Unsent Messages

i know i said i was signing off but i just have a couple of things I feel are imperative to say before i can leave you and this hellsent project to rest.

(1) you were never (EVER) a problem. if anything it was the converse. you were always so patient with me - even when i was being a stupid lil rat - and ik it’s cringe central but you were and are my favourite person in this stupid universe. i hope my fuckery didnt reinforce any of your bad thoughts also,, bc the way you care for people makes you so easy to love and talk to, it would undoubtedly be exceedingly difficult for anyone that really knew you to leave, even if you still believe otherwise.

(2) youre prolly wondering why i was anonymously cyber bullying you here in the first place,, which i promise i wasn’t really! well, I mean.. but anyways, so ive been using this stupid lil domain for a couple years to voice all my intrusive and difficile thoughts bc i don’t like leaving them in my brain and seeing them exist somewhere real makes me feel like they’re not my responsibility anymore.

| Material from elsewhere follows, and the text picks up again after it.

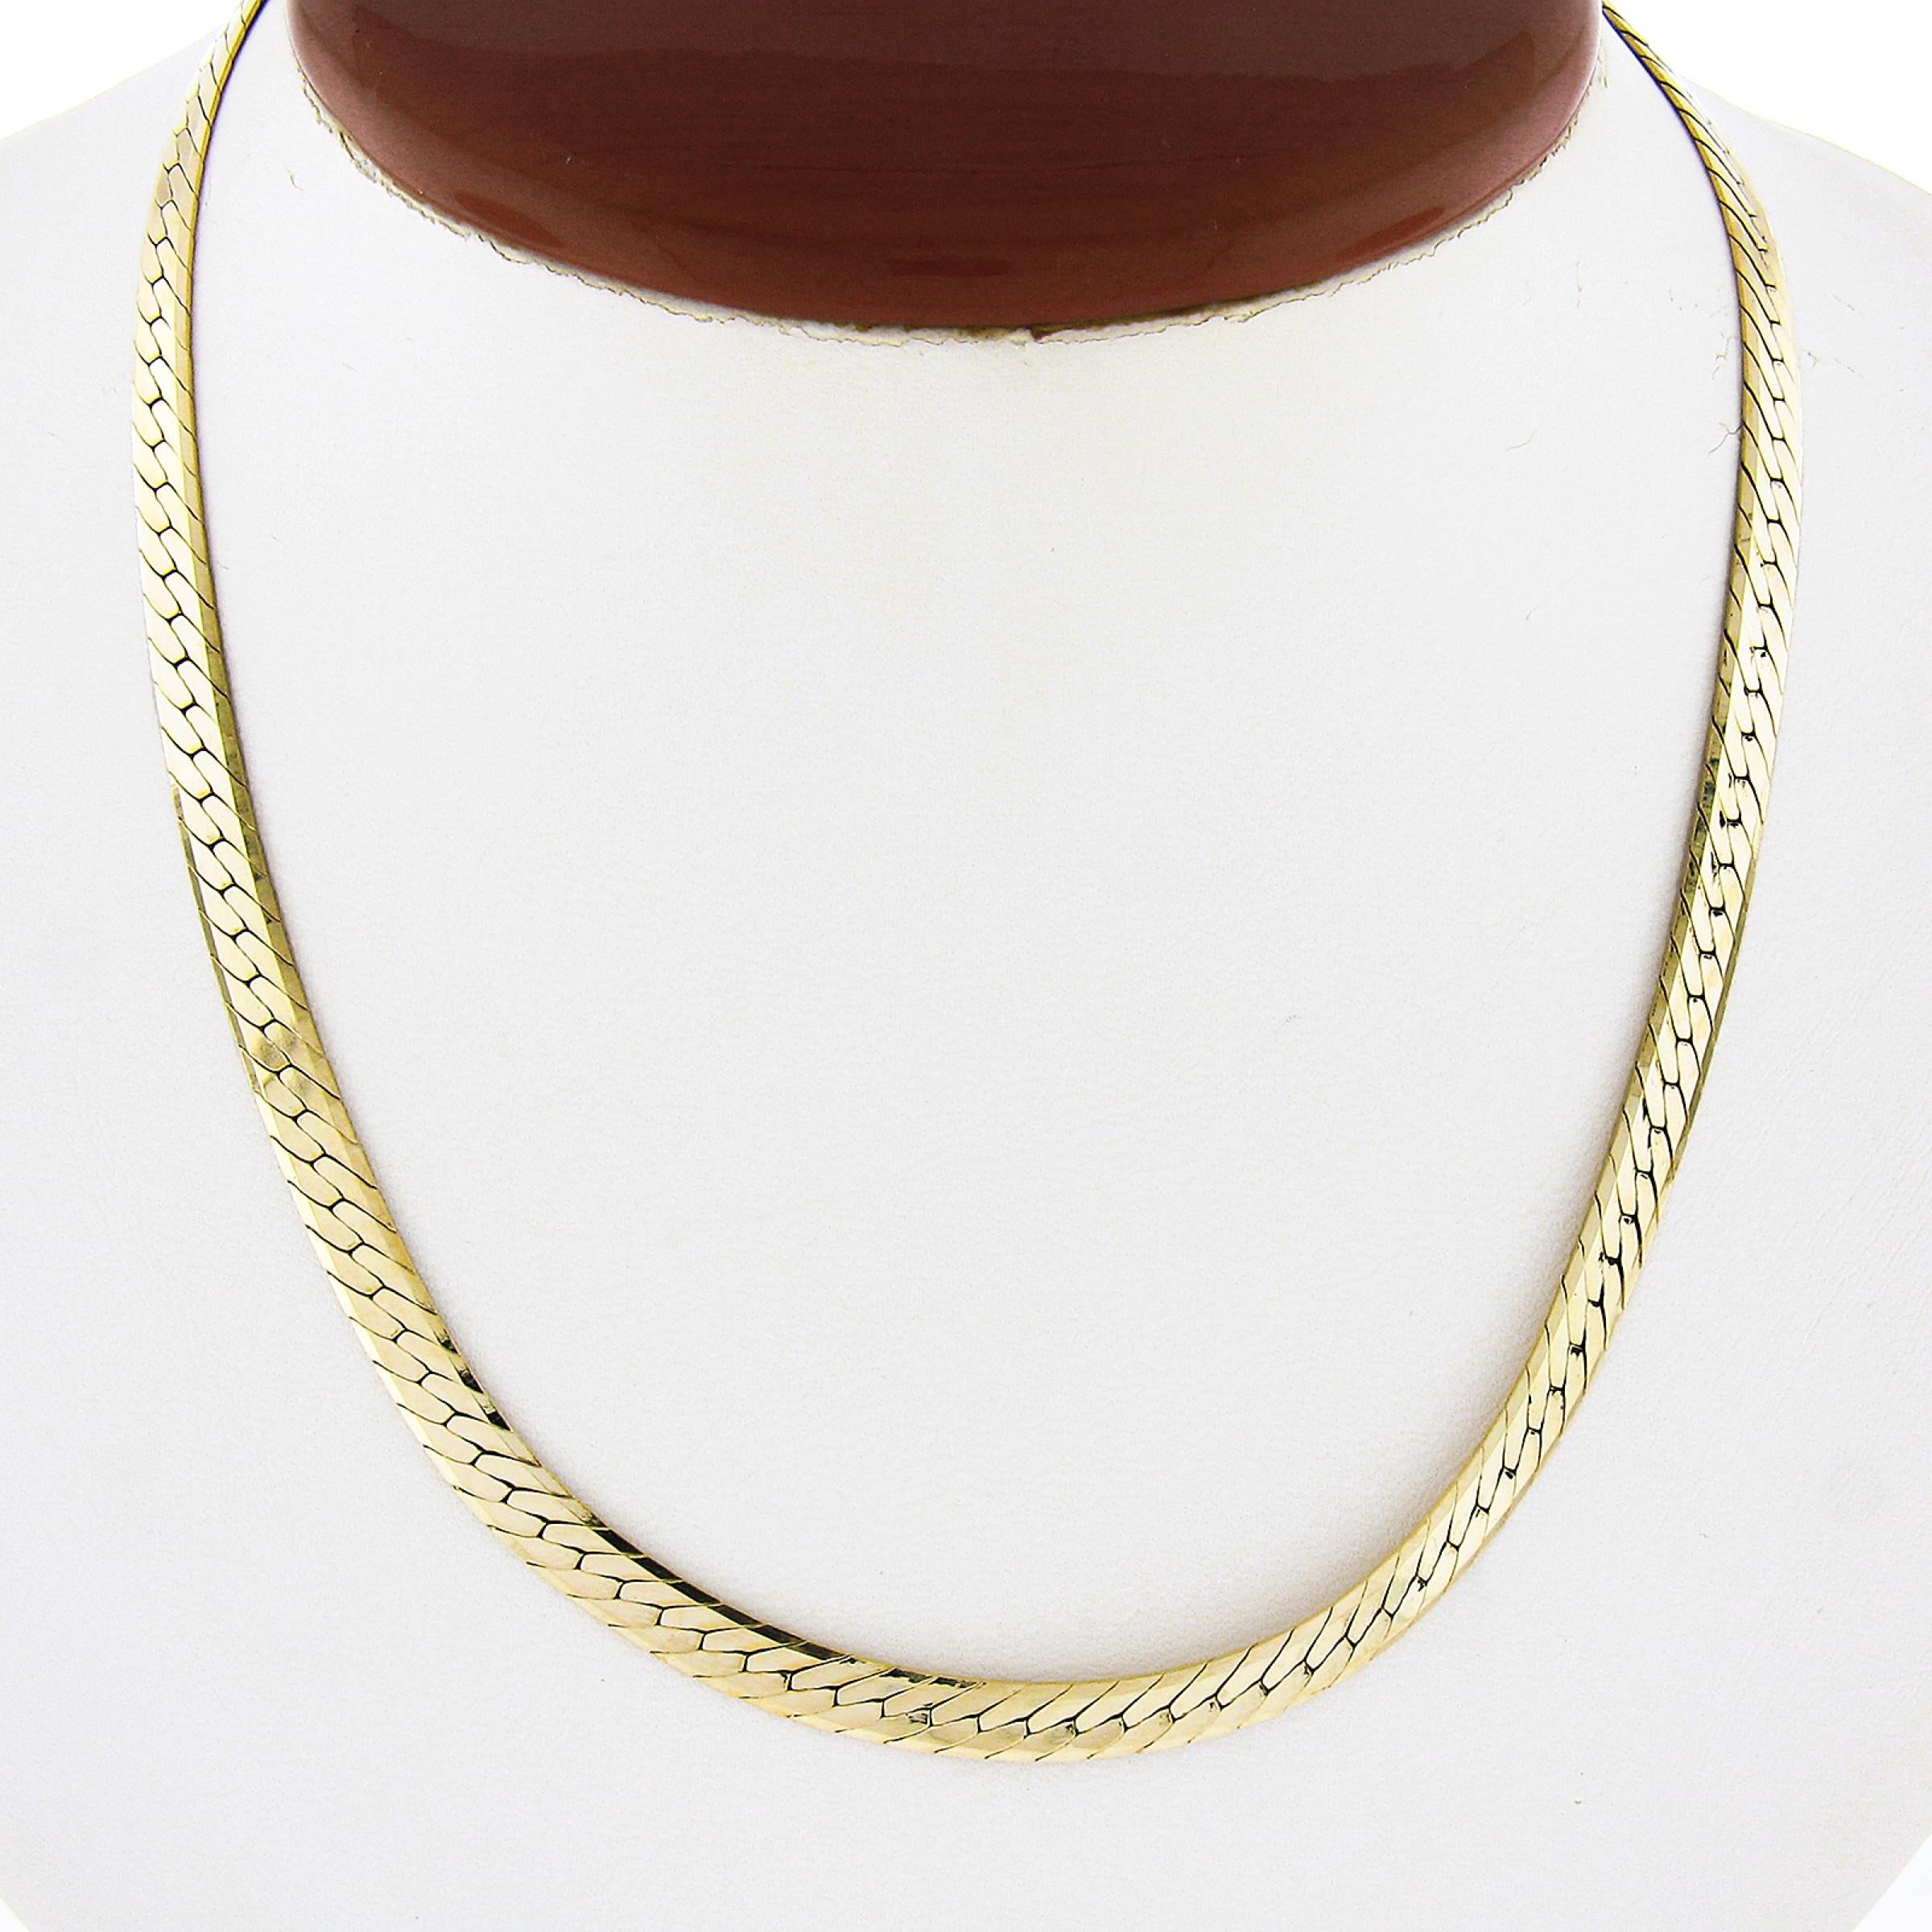 This well made chain necklace was crafted in Italy from solid 14k yellow gold and features a thick, flat, herringbone link with a high-polished finish throughout that gives this piece a very attractive and shiny look. The chain measures 16 inches in

I don’t know. it sounds awfully stupid now i try to explain it but what im trying to say i guess is that all the bad things you read weren’t really me, they were the lil demons that crawl into my head at night time. not to excuse/justify them or undermine their cruelty and effect in any way, as i can not apologies enough for what you must of gone through reading my shitty excuses for thoughts and if i knew you would ever have read them i would never ever ever ever ever have written them.

(3) i recognise i fucked up big time and know you don’t owe me anything and friendship is impossible. i will do my up most best to not make this anymore difficult for you and let you be. I just don’t think I could of lived with myself having not at least tried to voice some of these points. It really really was lovely to have known you, and if you ever find yourself in trouble please don’t forget I’m just a phone call away.